EXERCISE GOAL:
Print all the data below exactly, without images.

DATA EXCERPT:
_____
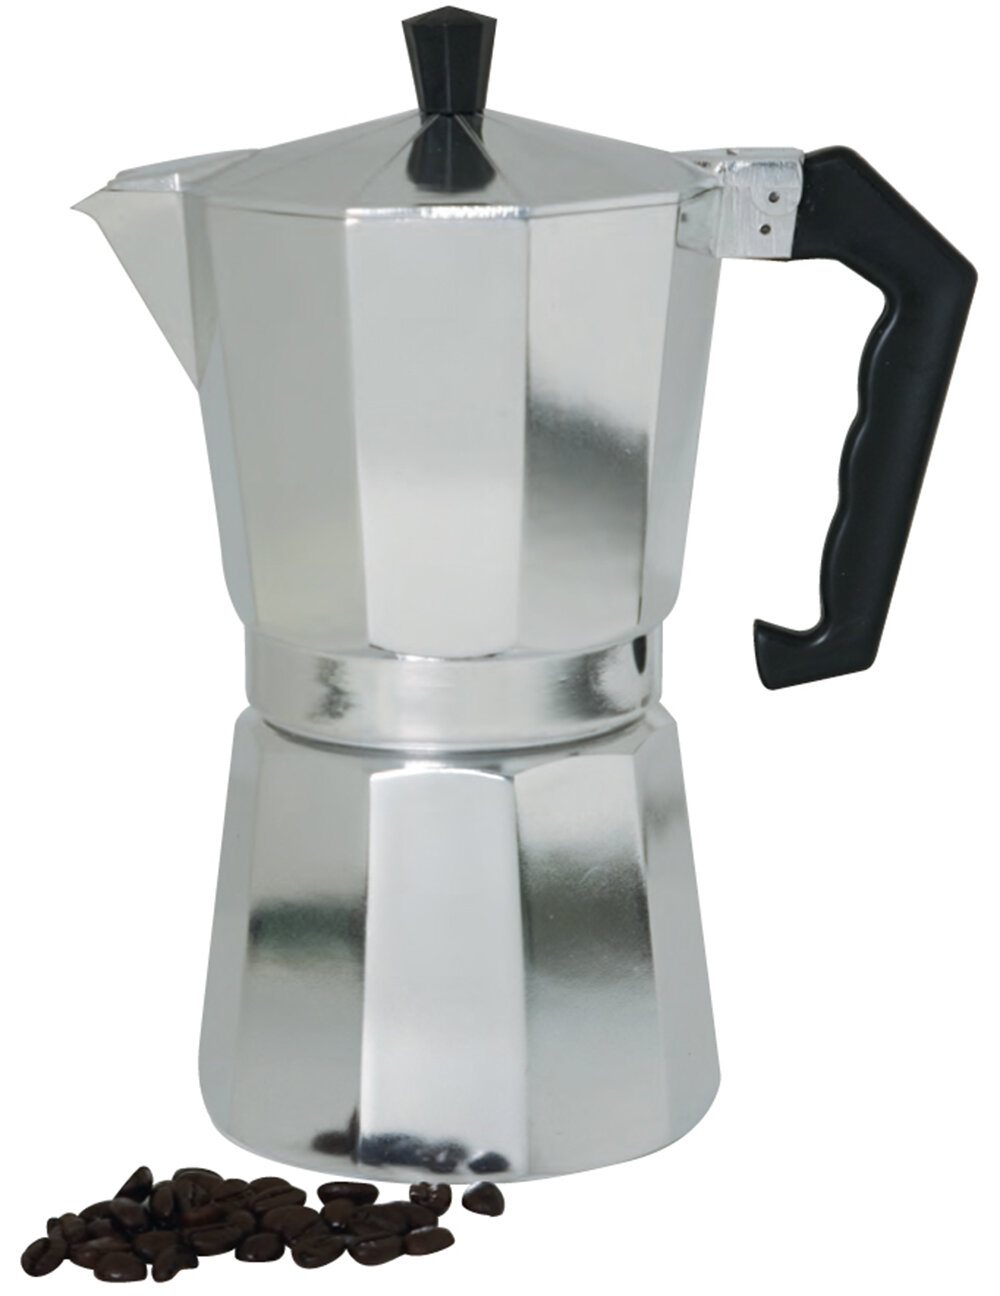 JoyJolt Italian Moka Pot 6-Cup Stovetop Aluminum Espresso Maker, Black
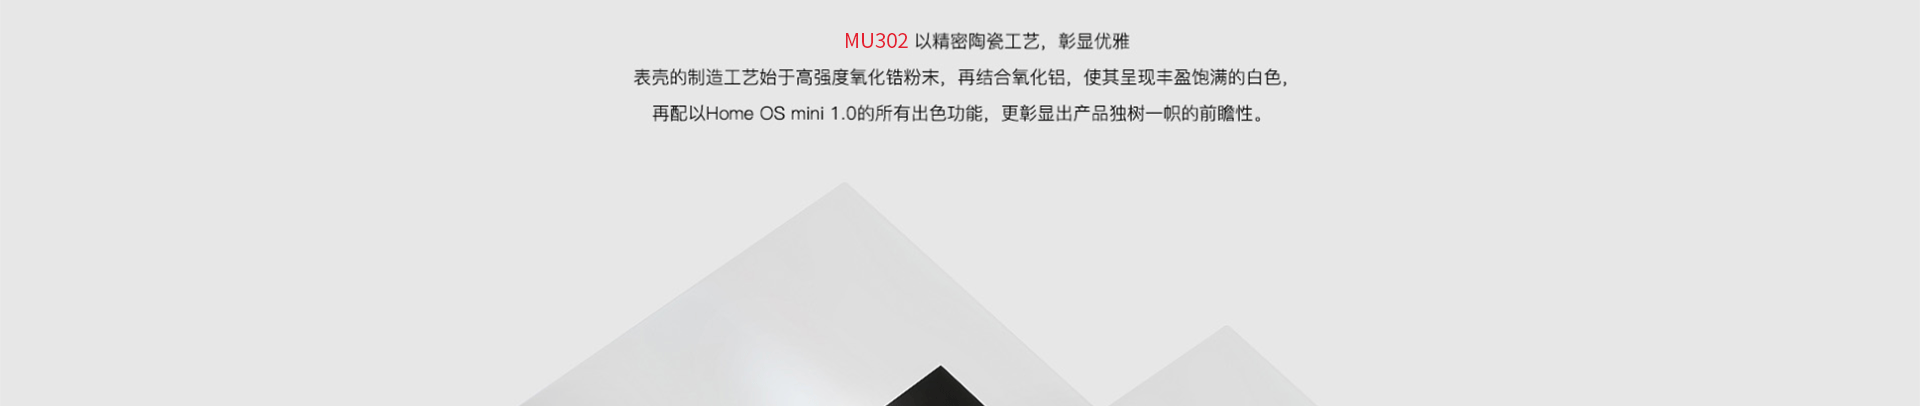 背景音乐面板-MU302
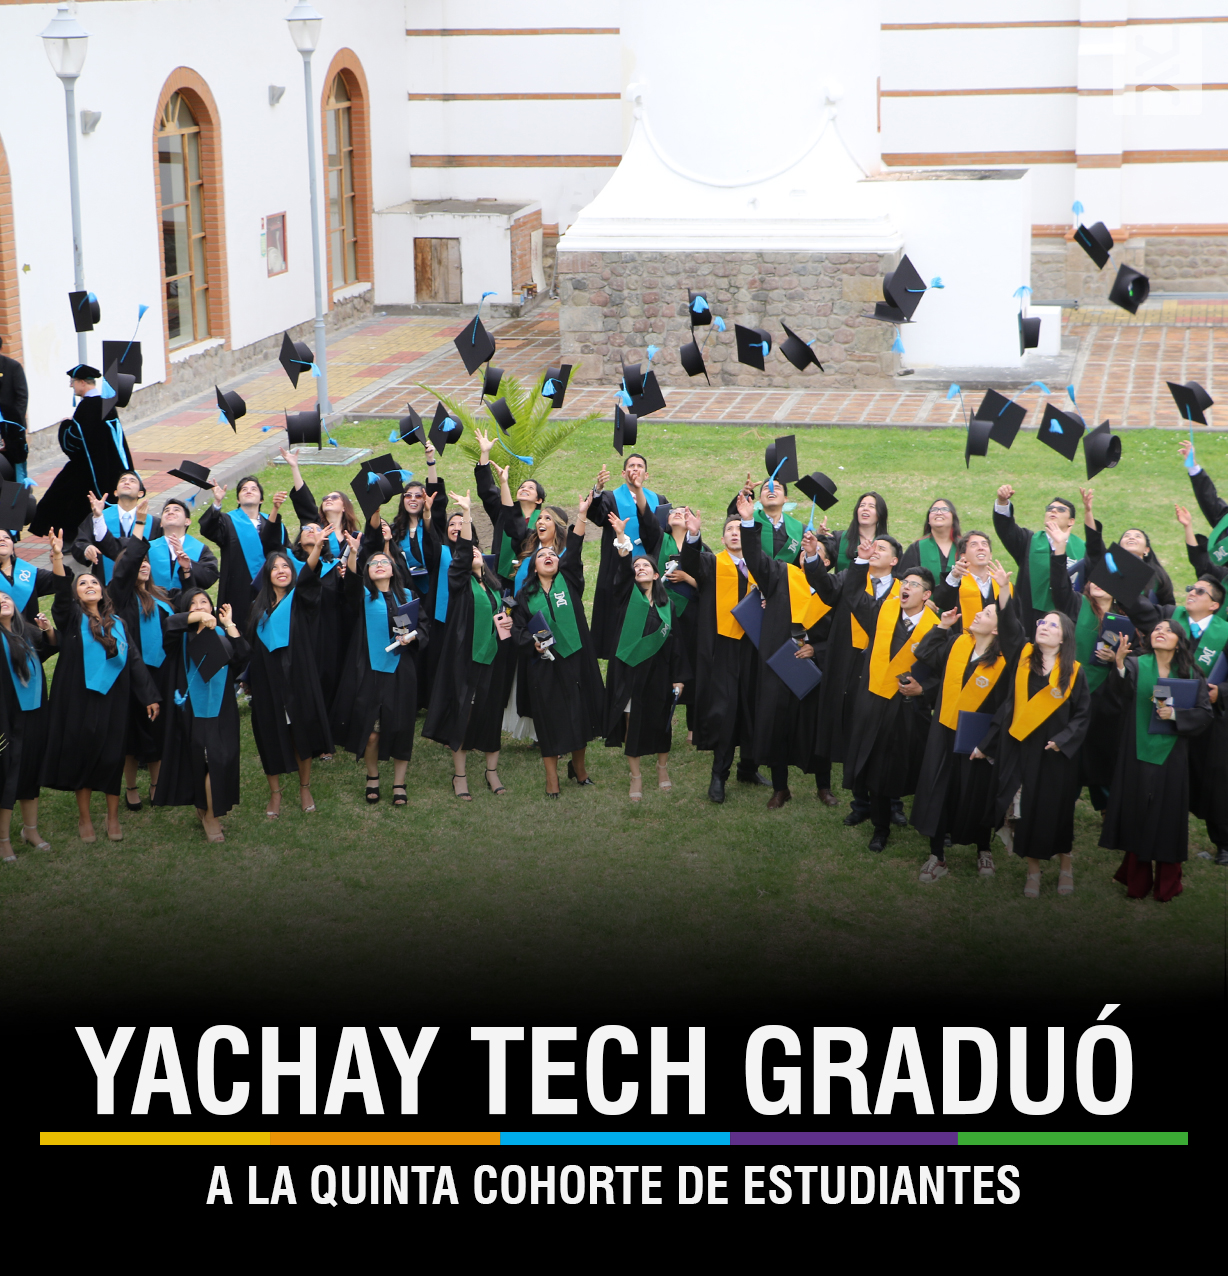 YACHAY TECH GRADUÓ A LA QUINTA COHORTE DE ESTUDIANTES
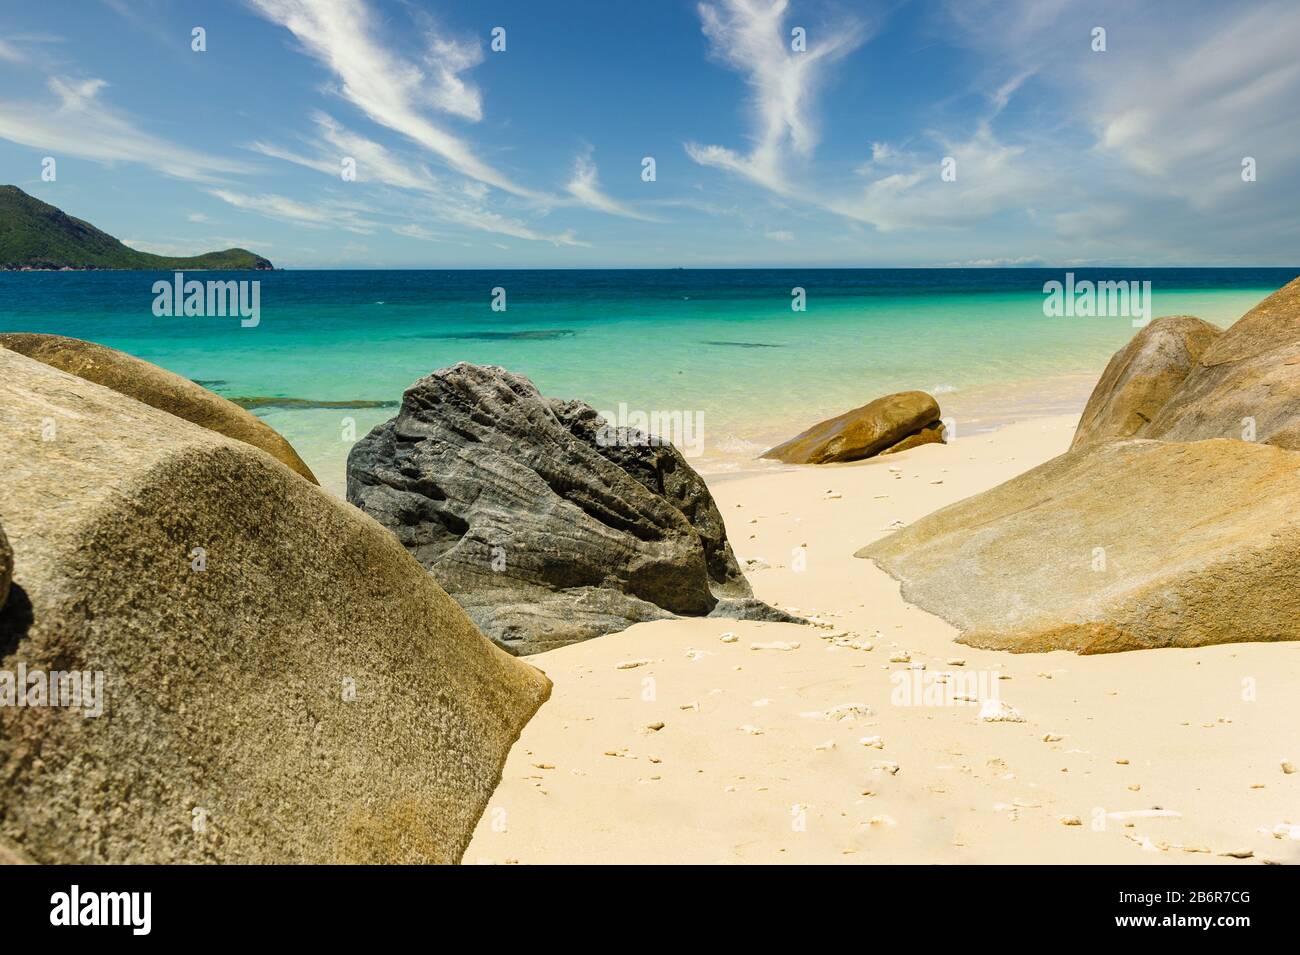 Blick über blaugrünes, kristallklares Wasser des Pazifischen Ozeans von der Ufervegetation Nudey Beach, die mit runden Strandbrocken durchsetzt ist. Stockfoto
_____
RESULT OF THIS EXERCISE:
 JoyJolt Italian Moka Pot 6-Cup Stovetop Aluminum Espresso Maker, Black
 背景音乐面板-MU302
 YACHAY TECH GRADUÓ A LA QUINTA COHORTE DE ESTUDIANTES
 Blick über blaugrünes, kristallklares Wasser des Pazifischen Ozeans von der Ufervegetation Nudey Beach, die mit runden Strandbrocken durchsetzt ist. Stockfoto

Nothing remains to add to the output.